Gemeint sind mit diesem Hinweis auch die USA, die ihre heimische Produktion vorrangig selbst behalten. Die EU ist nach eigener Darstellung derzeit die einzige demokratische Region, die im großen Maßstab Corona-Impfstoff ausführt. Von 400 Millionen hier produzierten Dosen sei die Hälfte exportiert worden.

Der Mainzer Hersteller BioNTech lehnt eine Patentfreigabe ebenfalls ab, bot aber Preisvorteile für arme Länder. Diese würden „zu einem nicht gewinnorientierten Preis“ versorgt, versicherte eine Sprecherin. Patente seien nicht der begrenzende Faktor für die Produktion oder Versorgung mit unserem Impfstoff. Die Herstellung sei komplex. Wenn Anforderungen nicht erfüllt seien, könnten Qualität, Sicherheit und Wirksamkeit leiden.

Solidarität mit Indien

Die Staats- und Regierungschefs berieten sich zudem per Video mit dem indischen Ministerpräsidenten Narendra Modi, vereinbarten den Neuanfang von Handelsgesprächen und sagten Indien Beistand angesichts der dort verheerenden Corona-Lage zu.

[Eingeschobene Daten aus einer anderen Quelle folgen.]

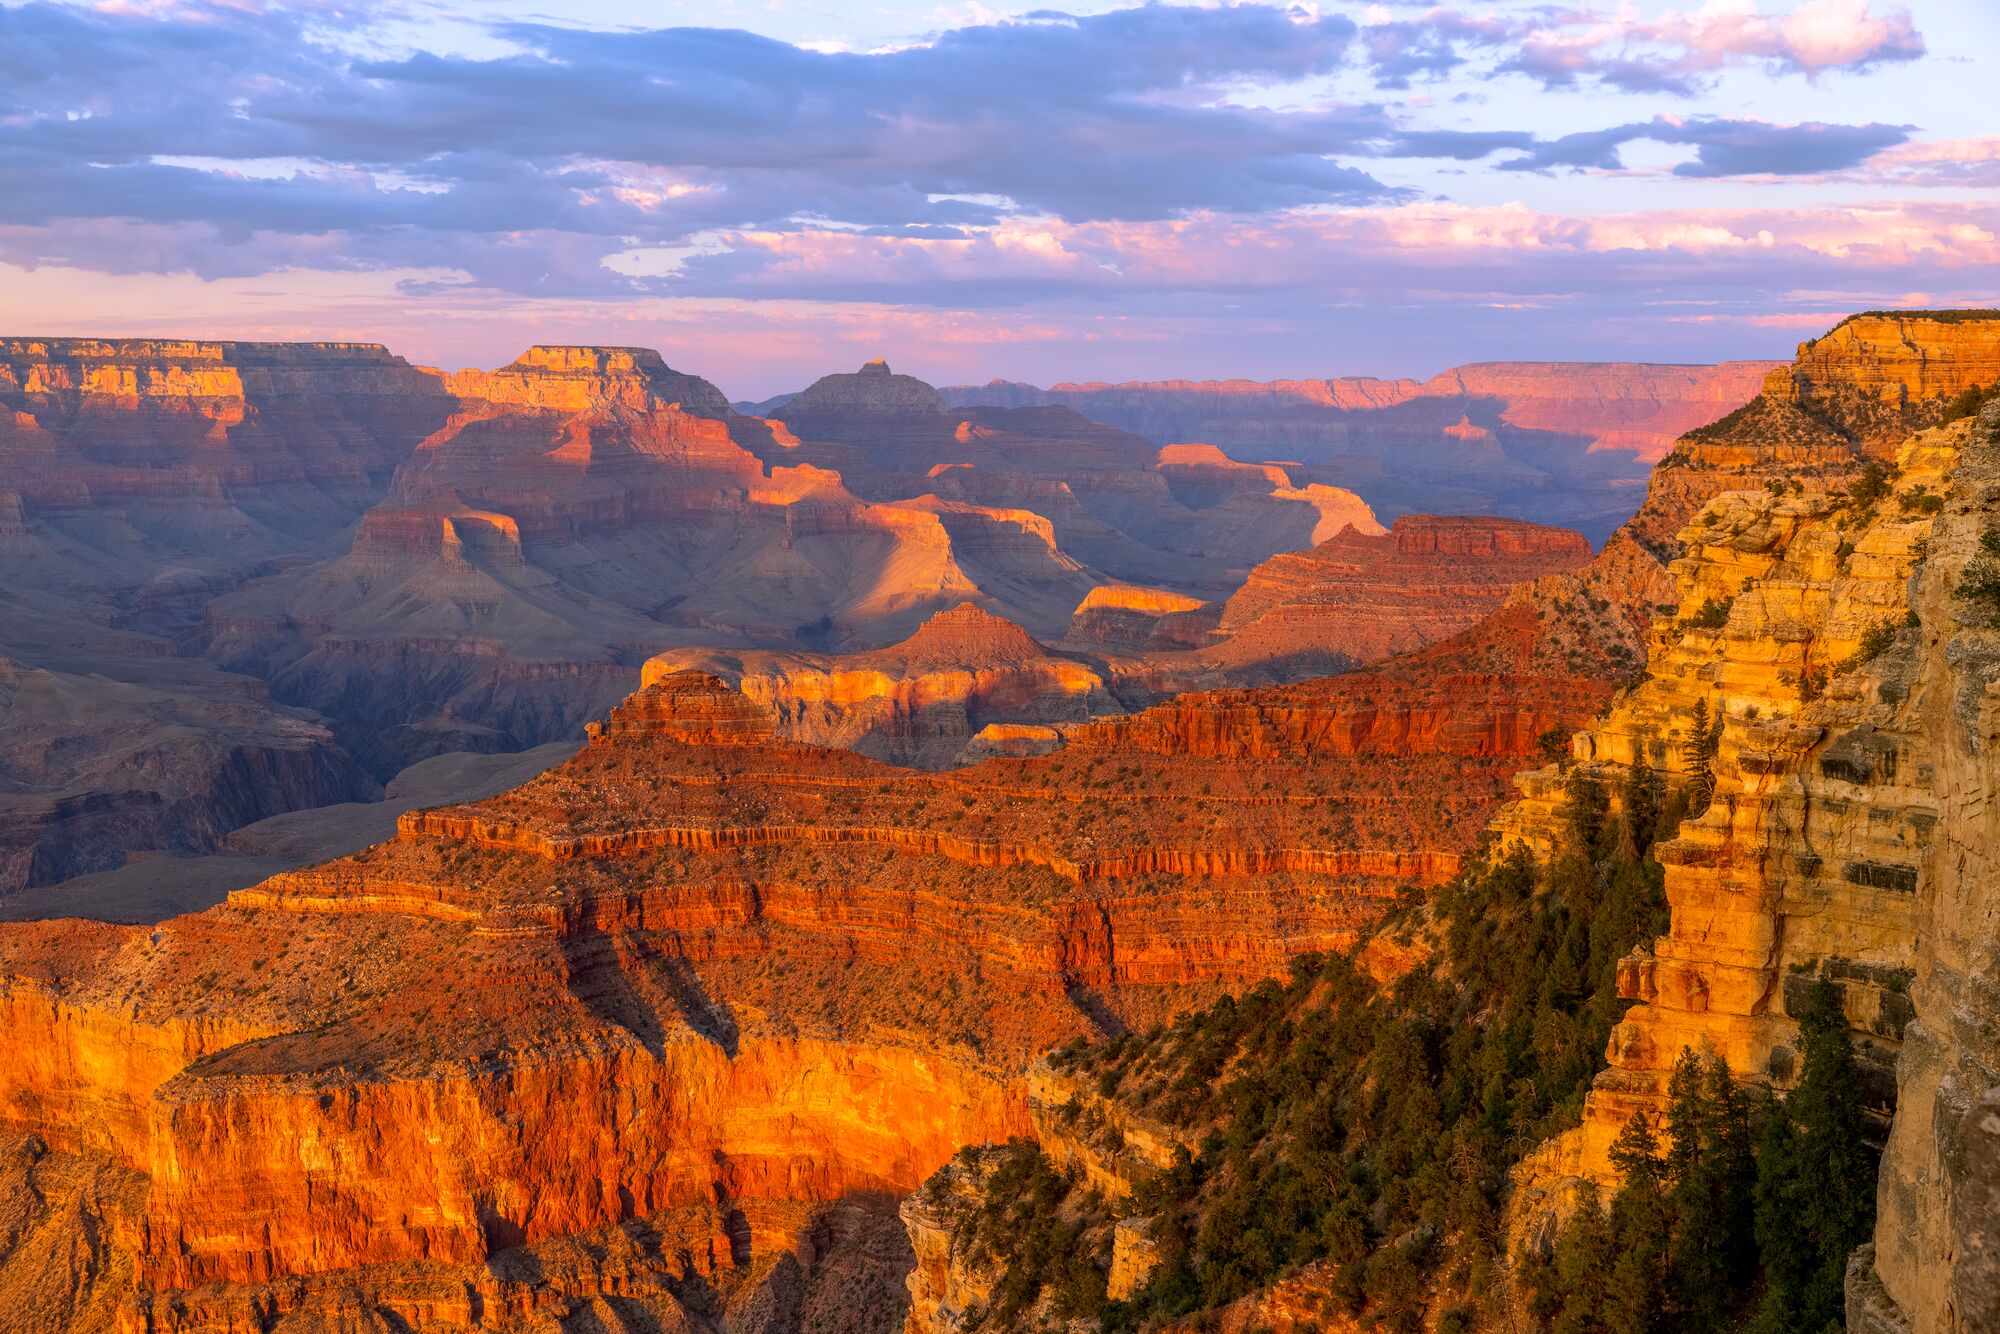 Cliffs visible at Yavapai Point in the Grand Canyon glow in the fading light of day. (K. Thomas / NPS)

In dem Land mit mehr als 1,3 Milliarden Einwohnern sterben aktuell jeden Tag mehr als 4000 Menschen an dem Virus. Befürchtet wird, dass die tatsächliche Zahl noch viel höher liegt.

„COVID ist seit Generationen die größte Herausforderung für die globale Solidarität.“

„Die EU steht in dieser schwierigen Zeit in voller Solidarität an der Seite Indiens“, sagte EU-Ratschef Charles Michel. Man habe auch über Zusammenarbeit beim Impfen gesprochen. „COVID ist seit Generationen die größte Herausforderung für die globale Solidarität. Der einzige Ausweg ist die Immunisierung der Weltbevölkerung.“

Anlagen in Afrika

Daneben helfe die EU bereits beim Aufbau lokaler Impfstoffanlagen etwa in Afrika, sagte Kommissionspräsidentin Ursula von der Leyen. Eine weitere große Initiative sei geplant. Merkel sagte, zumindest von deutschen Unternehmen würden rasch Lizenzen zur Produktion im Ausland vergeben. Das Problem sei nicht, „dass jemand auf seinem Patent sitzt“.